Our image of world leaders Nelson Mandela and Adolf HItler have little in common. One is credited with the destruction of apartheid in South Africa, the other is synonymous with the word genocide. Both, however, had names with tenuous beginnings.
Born Rohihlahla Mandela, his name meant “troublemaker”. While in school, it was an English teacher who gave him the name Nelson meaning “champion.”
Hitler’s name meant “noble wolf.” His desire to be an artist was a source of contention with his father, a traditional-minded, authoritarian man who considered the idea ridiculous. Adolf described himself, even by age 7, as an aggressive ring leader.
These men’s life stories are much more complex than these few facts, but they illustrate the truth that though we do not choose our names, what we do with them is crucial to who we will become over our lifetimes.
In his book To Be Told Dan Allender writes:
“The journey of our story truly begins when we start to see that the name we have been given is not our truest name.”
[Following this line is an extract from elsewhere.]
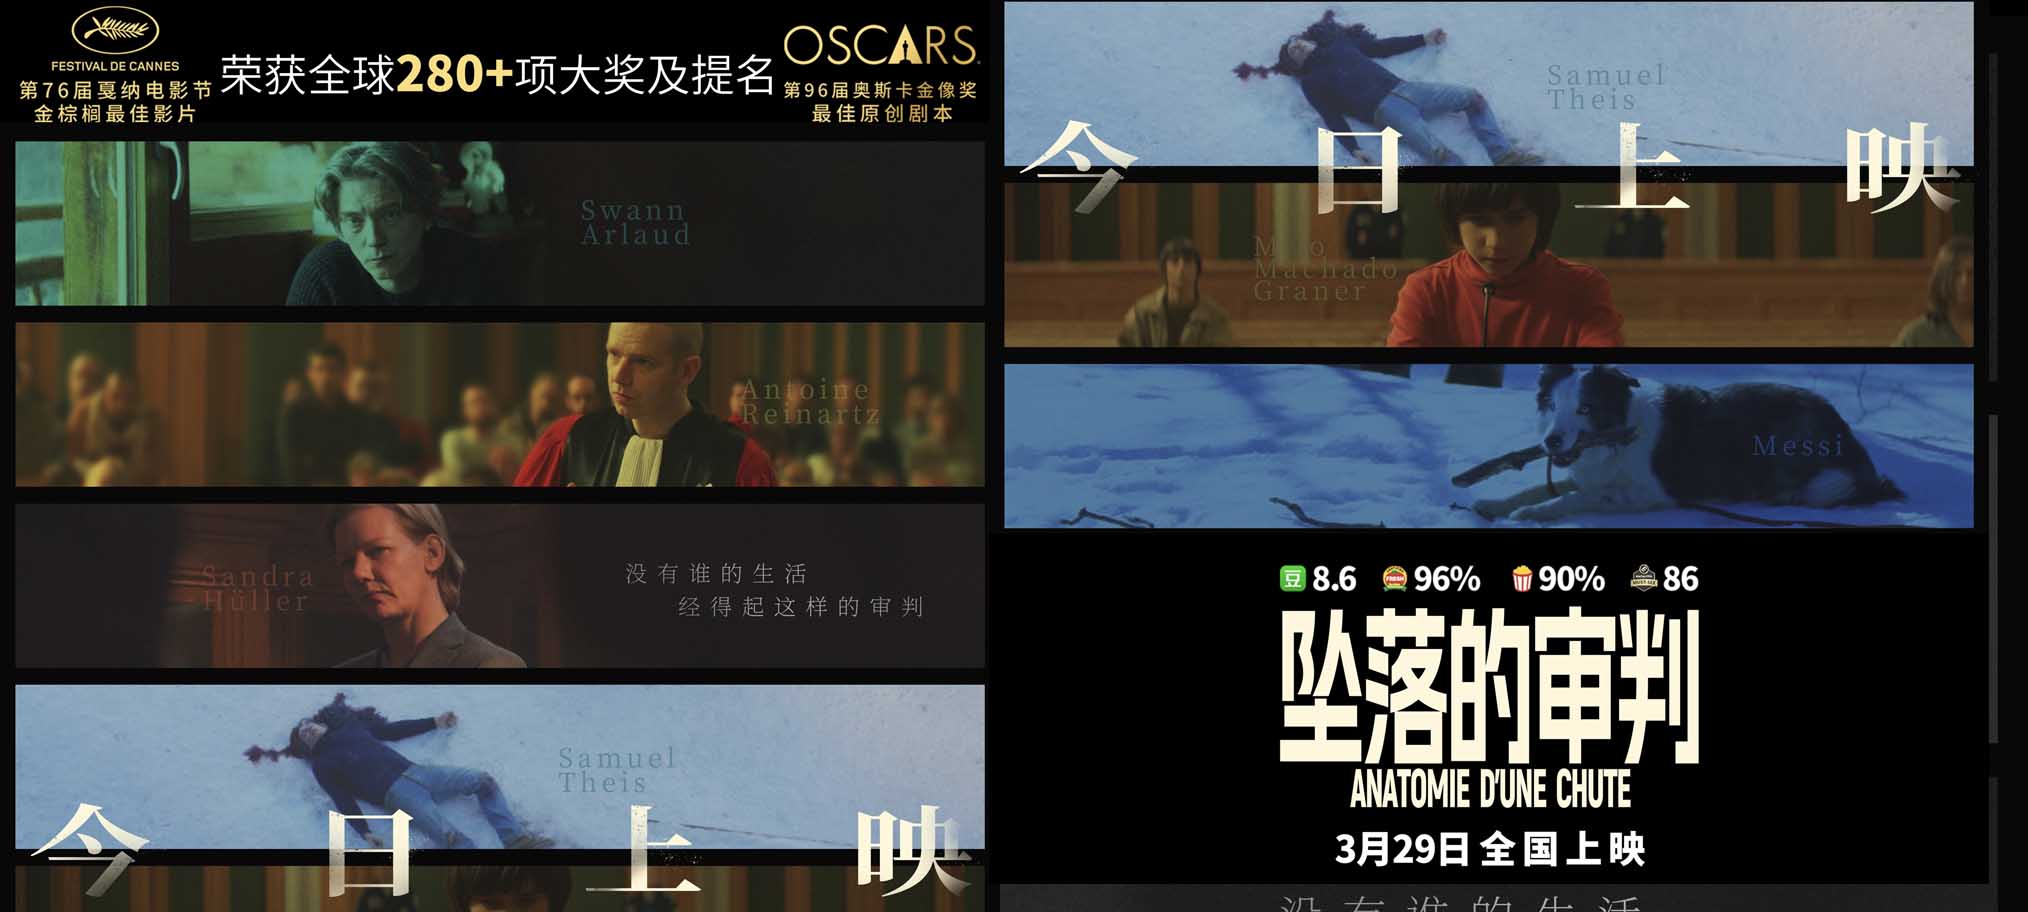 电影《坠落的审判》今日上映 影后桑德拉·惠勒全中文问好尽显诚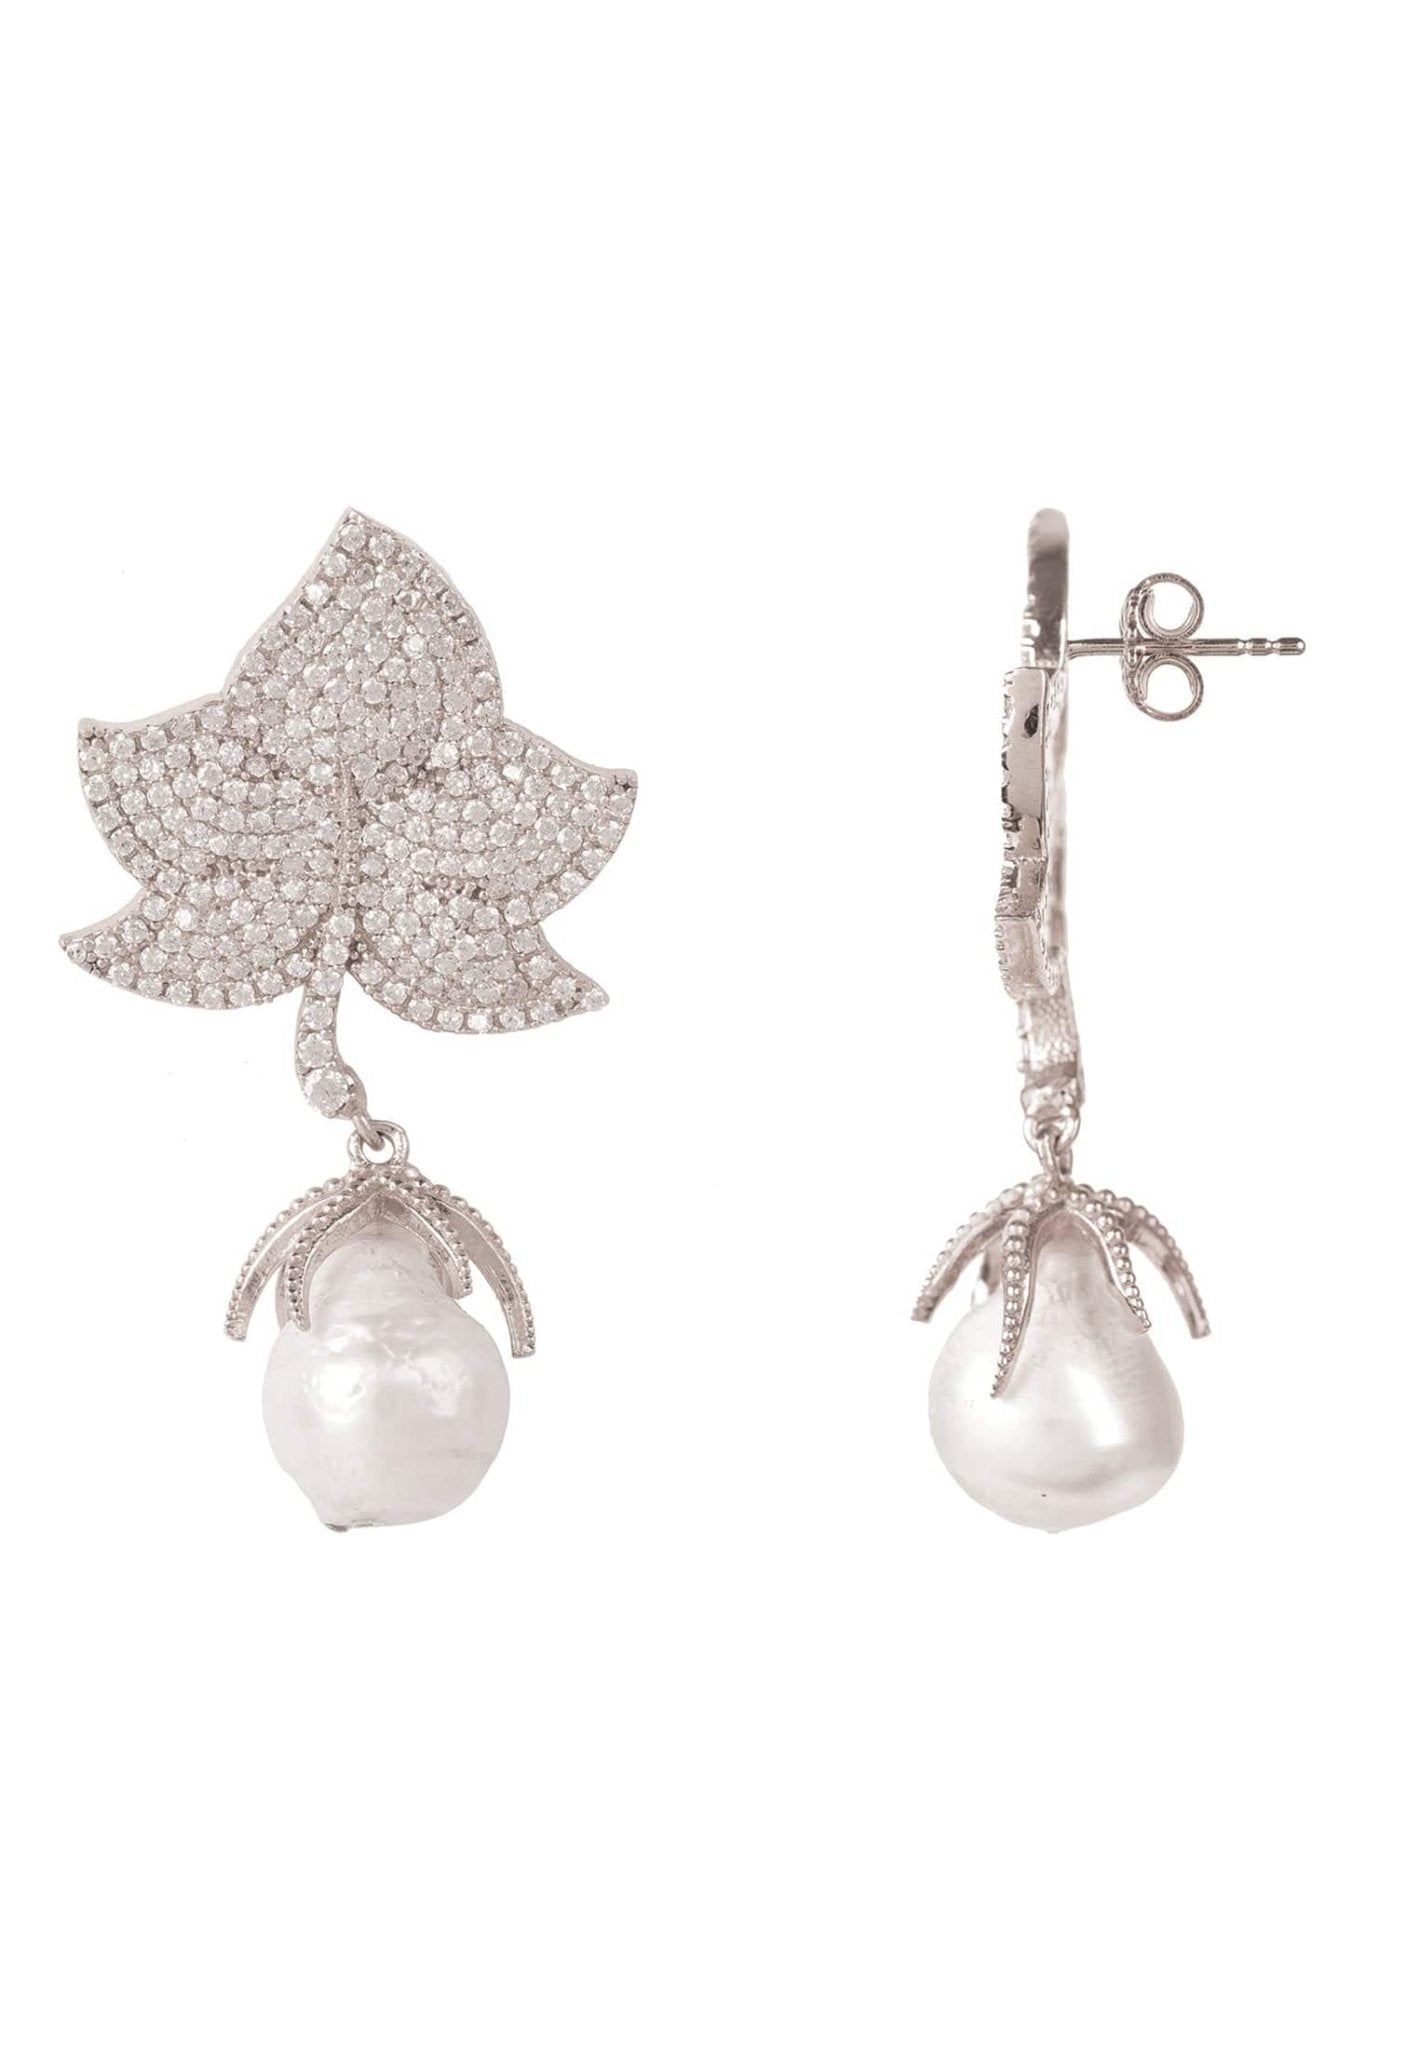 Baroque Pearl Leaf Earrings White Cz Silver - LATELITA Earrings

Once we realize the names we carry are not our truest selves, entering into greater freedom requires their reframing. To reframe means to see in a new way or express something differently. The painting below of a Chicago skyline demonstrates how frames can minimize and cheapen, hide and overwhelm or draw out and display with reverence the beauty in a work of art.
But how is something invisible, such as a name, reframed? What does it mean to shift how others define us and how we have always seen ourselves?
The clip below (until 3:37 time stamp) from the movie Silver Linings Playbook powerfully captures how words of identity, within the context of relationships, are reframed.
Though reframing almost never happens within a three-minute conversation and the battle with our inner voices, rather than someone else’s view of us, is typically more fierce, it is the data of the story that makes reframing possible.
What names have you been called in your lifetime? What given names, nicknames, adjectives or phrases were spoken over your identity growing up? What stories of those moments, if told, would invite you to see yourself in a new way or express yourself differently?